1. I had an MSI board before this one and had to change it because it was faulty. Even though it was faulty, never gave me such an error.
2. Because the MSI board was frying my HDD'S, I also sent my HDD to be exchanged under warranty. I also have a second HDD of the exact same model, but the importer is completely different.
3. After receiving this new board + HDD I started install and hit this problem within 5-6 hours of operation. I dis-assembled everything and sent the board and the HDD for replacement under warranty.
4. After the replacements arrived, I took a copy of *Inquisitor* and ran it on the new setup. The run gave "smart" error and ended testing there. I examined the SMART output after the Inquisitor run and HDD showed 5 errors in that short time. The HDD looked a a bit used (recycled) so I sent it in for warranty again. I received a very clean HDD when it came back.
5. My assumption (maybe wrongly) with step 4 was that Linux + BSD share the HDD controller driver source software so the problem would replicate accros O/S.
6. Timeout errors list blocks randomly, there is really no pattern. Surface scan through MHDD gives no errors - the disk is in fact clean.
7. My system uses tmpfs (which writes to swap). Tested without tmpfs, with /tmp on / (root) - same errors observed.

@crivens: Sata cable has clip to secure the connection. I have tested the problem with an open case and the HDD lying on the side close to me so I could hear what the HDD did when it timed-out.

My Conclusions:
Since the MSI board using same model HDD did not have this problem, and since I have thoroughly checked my HDD's the problem is one of incompatibility between the controller on the board and this model HDD. My power supply and RAM are clean and CPU passes Inquisitor burn tests. I also thought that maybe the "linux-swap" format could cause problems, but then how do you explain Inquisitor results? Also the time-outs are not random and do not happen when I am say using my browser or or doing regular work on the PC - they happen only under heavy HDD usage (compiling).

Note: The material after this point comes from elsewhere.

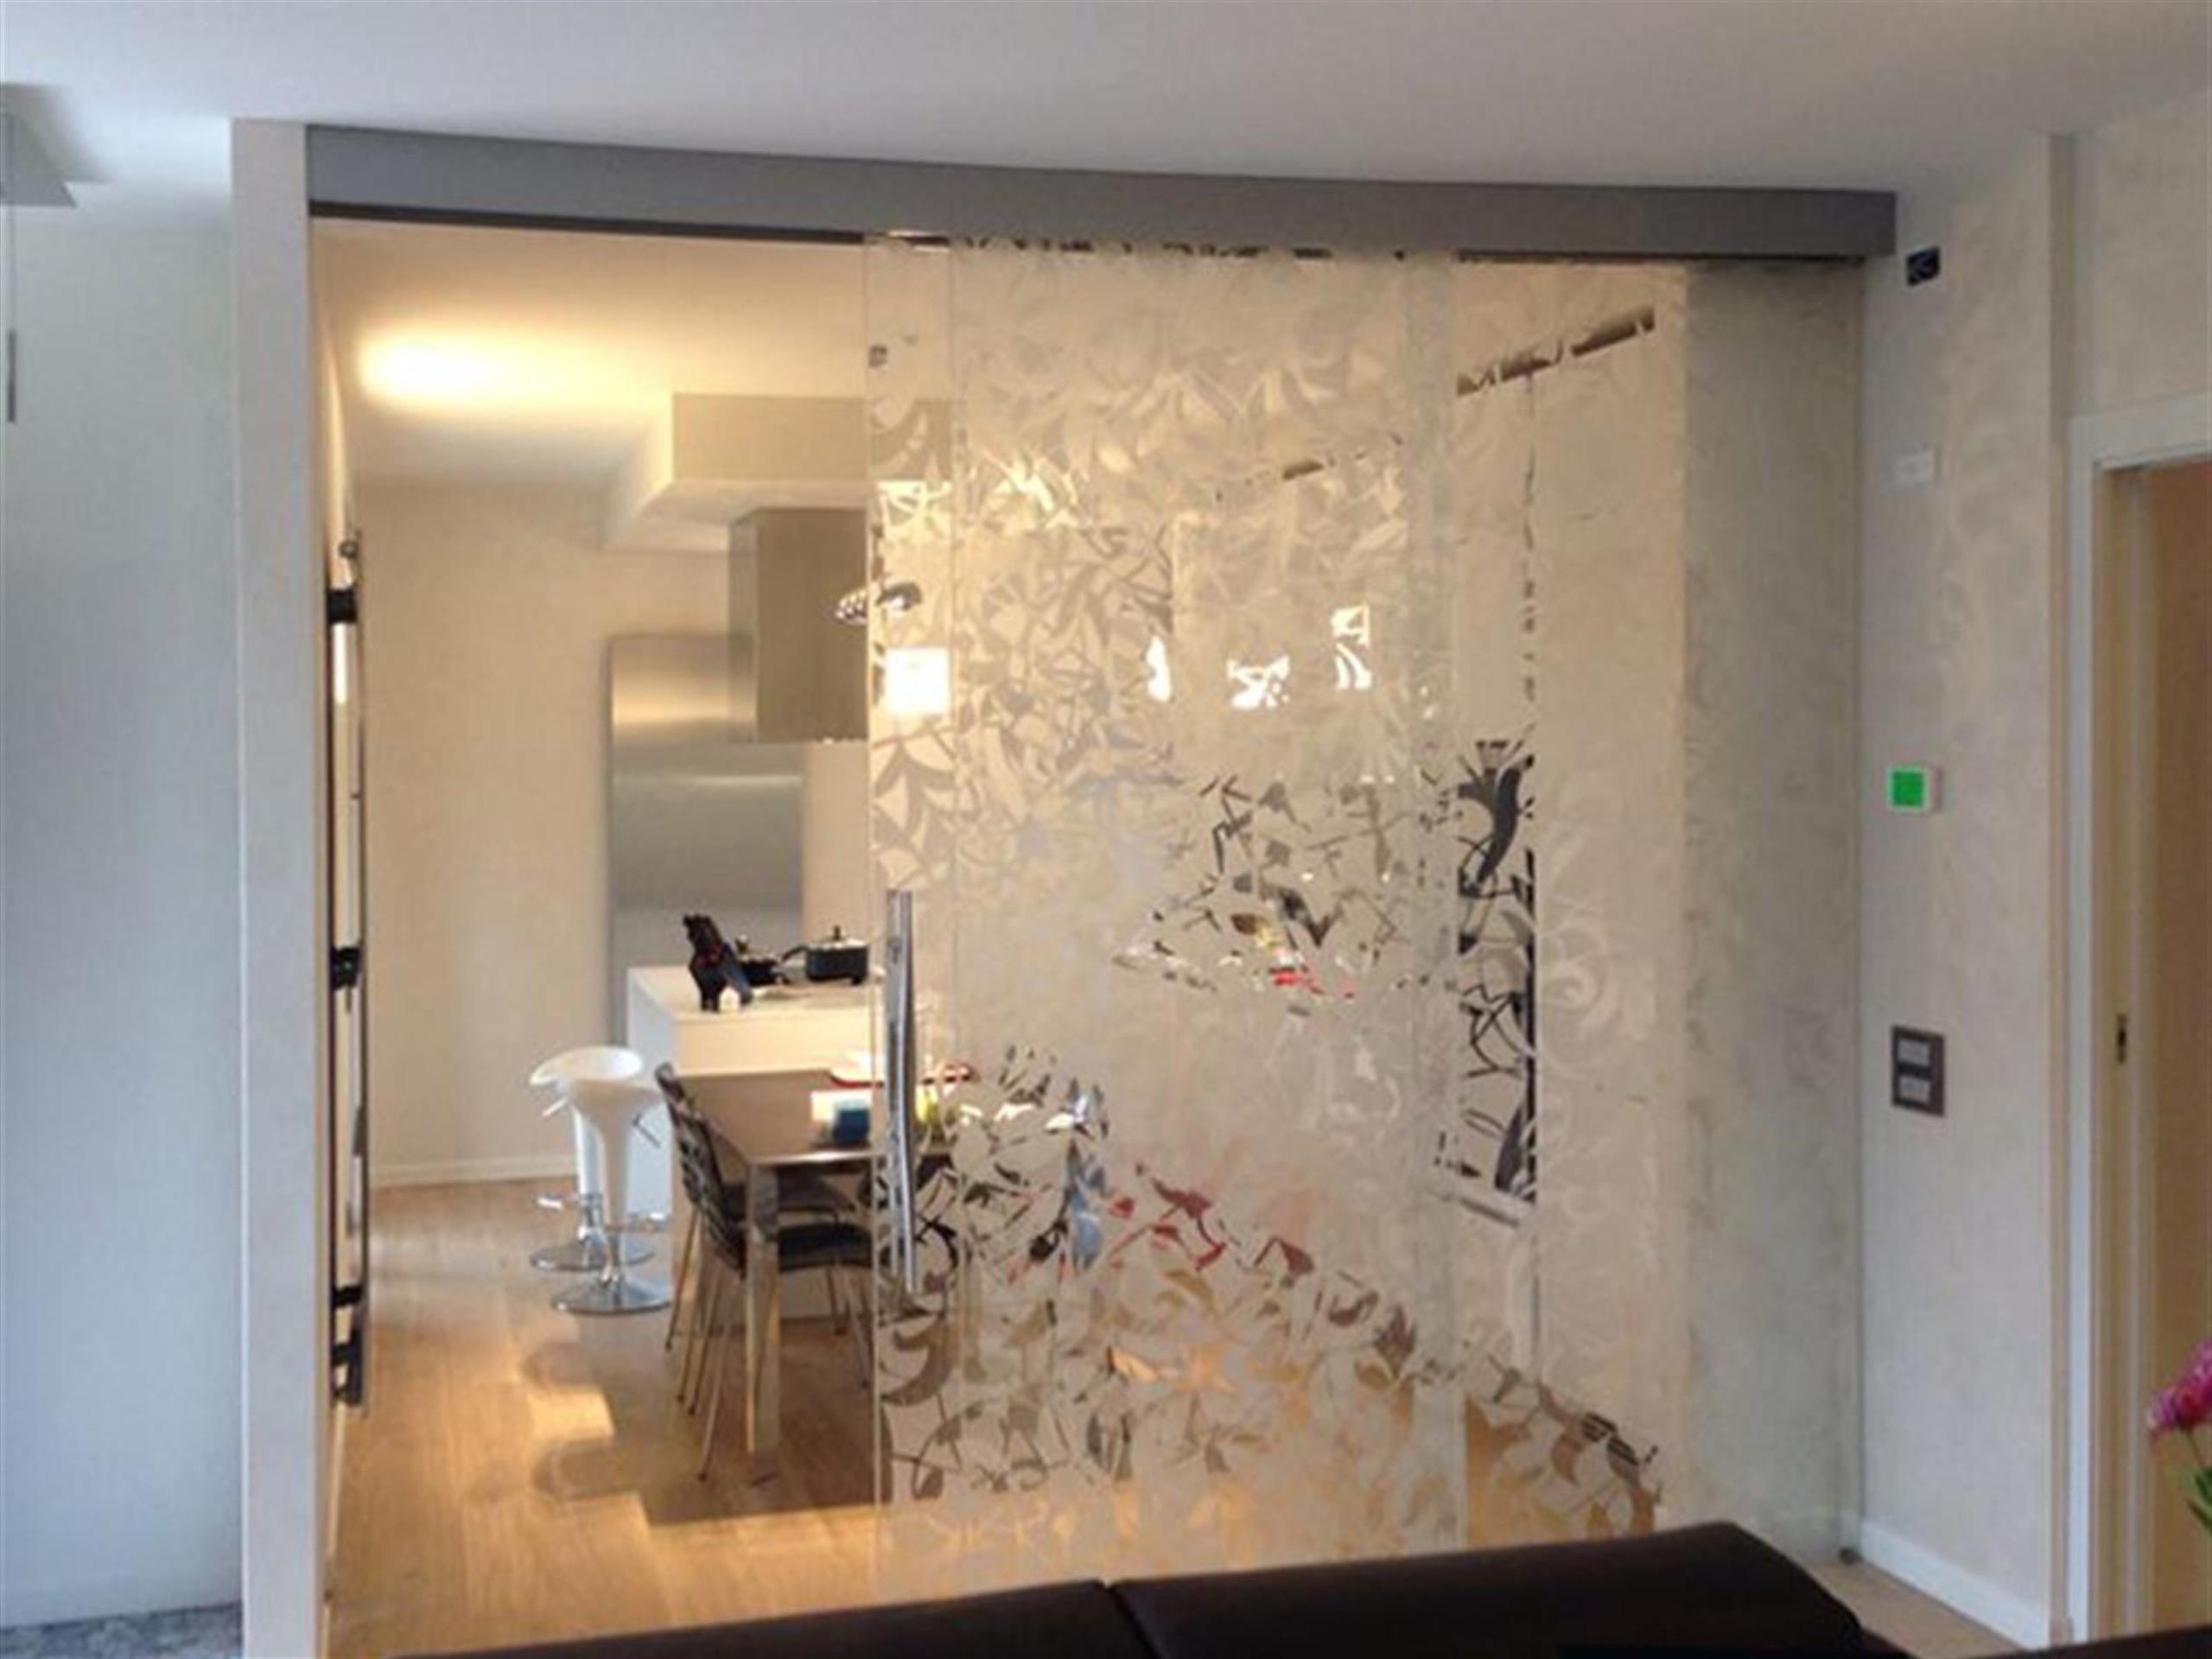 Stunning Porta Scorrevole Cucina Gallery - Embercreative.us ...

One last bit of info: The HDD is not immediately recognized at boot-up and needs some time for the system to find it - a time-out error at start-up (but I need to find & post exact message).

I still have my full-debug kernel (from Nov-11) and a completely clean HDD of the same model. Willing to run any tests you can suggest.


----------



## Crivens (Jan 5, 2012)

peetaur said:
			
		

> I found his HDD on his PR page.
> 
> http://www.freebsd.org/cgi/query-pr.cgi?pr=163815
> 
> ...



I should vote for replacing.

In the last 2 years, 2 of these disks have pulled up their bits, curled up their spindles and went to texas in my server, which does not see too much usage.
I replaced the ZFS Raid build from 1.5TB Samsungs with a lot of 500GB 2.5" disks. They provide more bandwidth as well as not taking 6 hours for a resilver in case something happens. Also, they are now from 2 different manufacturers, different vendors, bought in different shops, comming from different batches. I do not like the thought of a manufacturing problem killing me a second drive while a resilver is in progrss and the complete pool will be trashed.

Gladly, each time one of these disks developed problems, ZFS tole me about it way before SMART did, leaving me with no data loss and only mild inconviniences (replacing drives, copy one or two files back from backup).


----------



## Crivens (Jan 5, 2012)

Beeblebrox said:
			
		

> @crivens: Sata cable has clip to secure the connection. I have tested the problem with an open case and the HDD lying on the side close to me so I could hear what the HDD did when it timed-out.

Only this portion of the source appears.